UiPath Automation Cloudでは、OrchesratorやAutomation Hubなどの各種サービスを、単一、もしくは複数のグループに分割して管理することができます。この分割単位がテナントです。

Automation Cloudでは、個人または企業単位で「組織」が割り当てられます。 「組織」は1つしか作成できませんが、組織内に複数のテナント(マルチテナント)を作成することができます。

Automation Cloudの「組織」について知りたい方はこちら

マルチテナントとは

ショッピングモールやデパート内に複数の店舗が出店し、電気、ガス代などの管理費用を低く抑えているように、クラウドサービス上で、複数のユーザーがリソースを共有して利用する方式です。
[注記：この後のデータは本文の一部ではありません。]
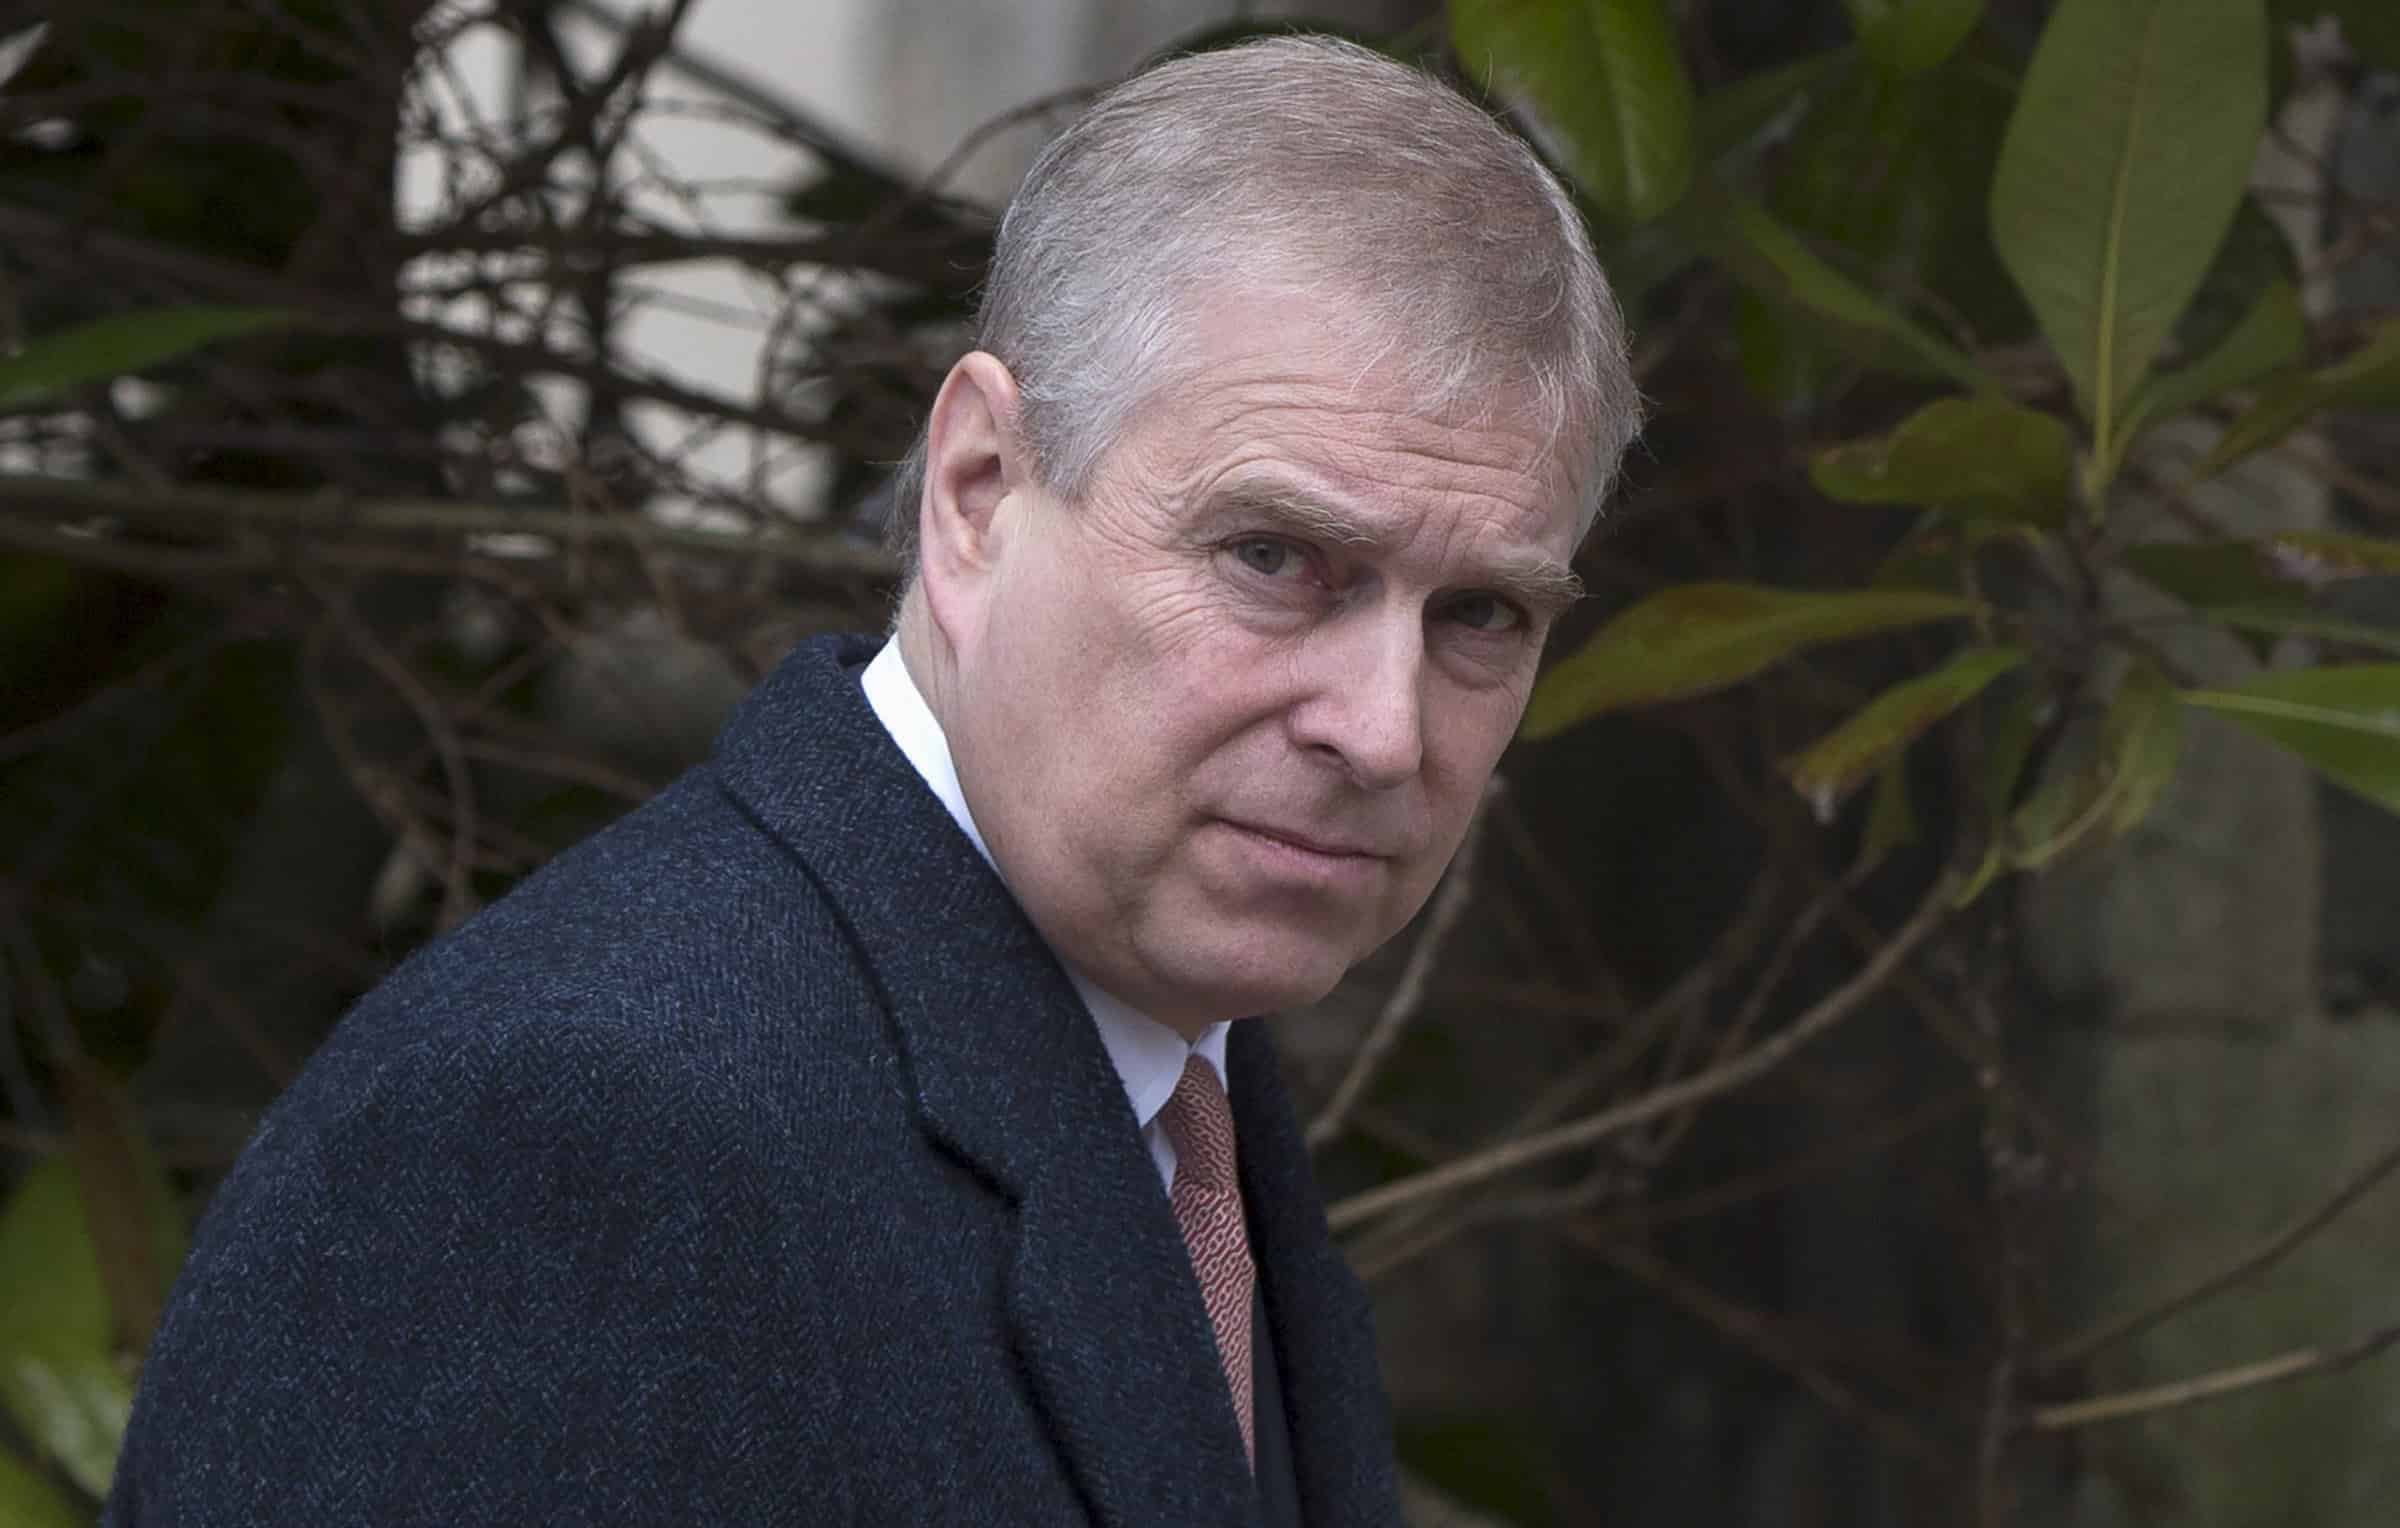 Met Police taking no further action after reviewing Prince Andrew accuser claims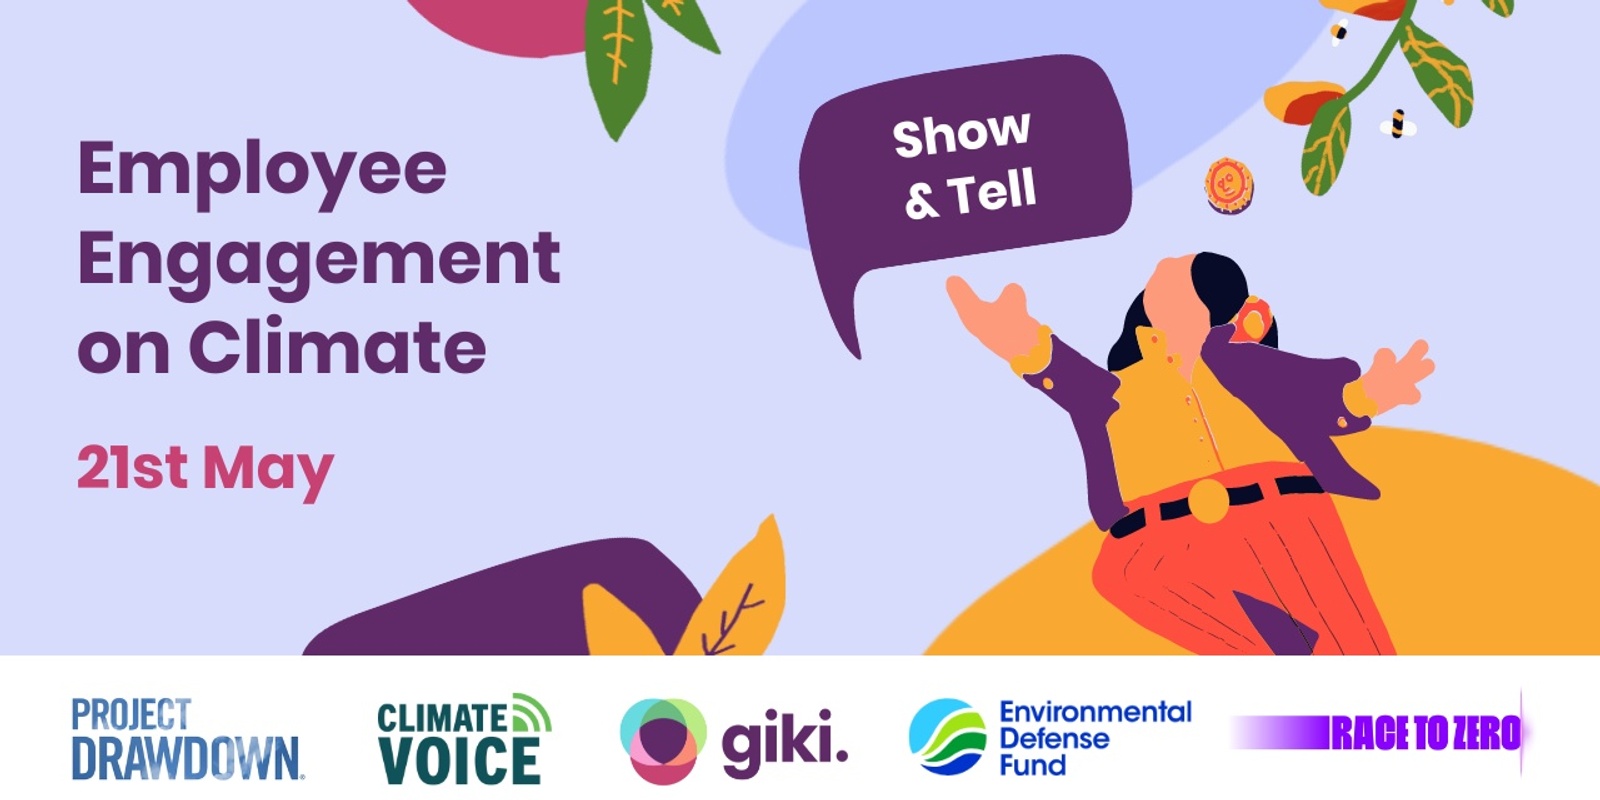 Banner image for Employee Engagement on Climate - Show & Tell

Automation Cloud for Communityでは、テナントは1つしか作成できません。
Enterprise版であれば無制限に作成することができます。

ではさっそくAutomation Cloudのテナント 管理画面で確認してみましょう。

UiPath Automation Cloudのテナント 管理画面

ブラウザで、UiPath Automation Cloudにログインし、[管理] - [テナント]を開きます。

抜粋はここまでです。